▸ **What to work on**
Use the entries below and reproduce exactly the lines from the one containing "DARIAH.LAB: Spotkanie inaugurujące" down to the one containing "Vaza Schliff I", both of them included.

▸ **Task input**

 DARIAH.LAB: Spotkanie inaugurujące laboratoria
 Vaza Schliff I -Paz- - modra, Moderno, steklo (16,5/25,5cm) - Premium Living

==

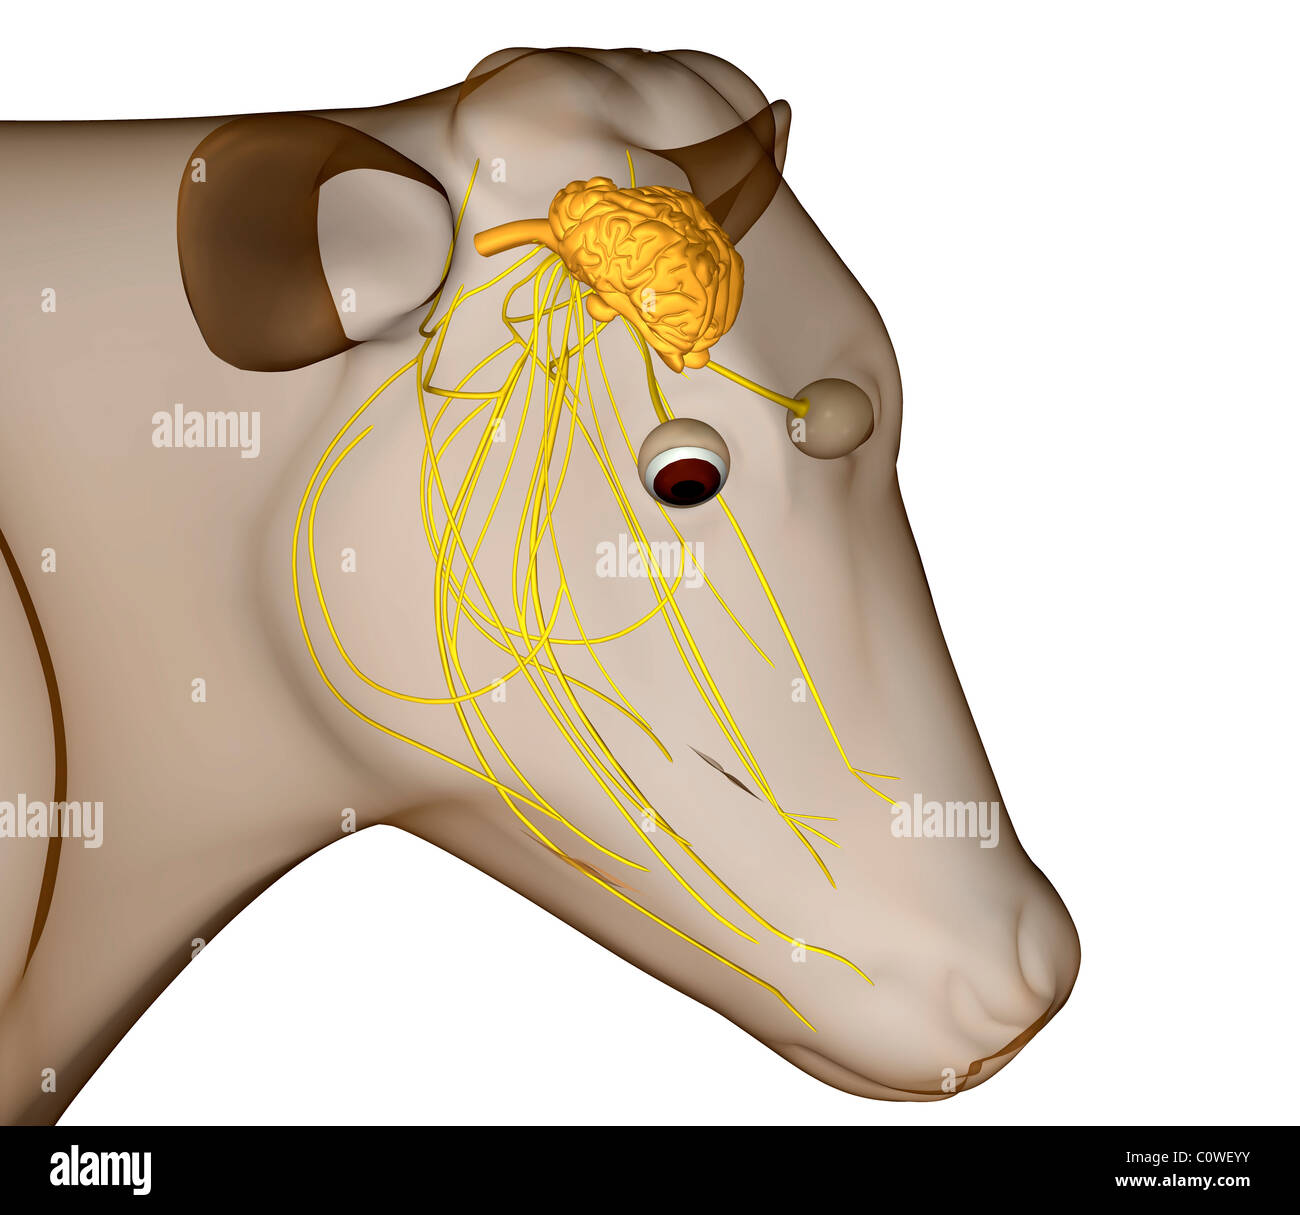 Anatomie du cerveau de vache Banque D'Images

▸ **The completed task**
 DARIAH.LAB: Spotkanie inaugurujące laboratoria
 Vaza Schliff I -Paz- - modra, Moderno, steklo (16,5/25,5cm) - Premium Living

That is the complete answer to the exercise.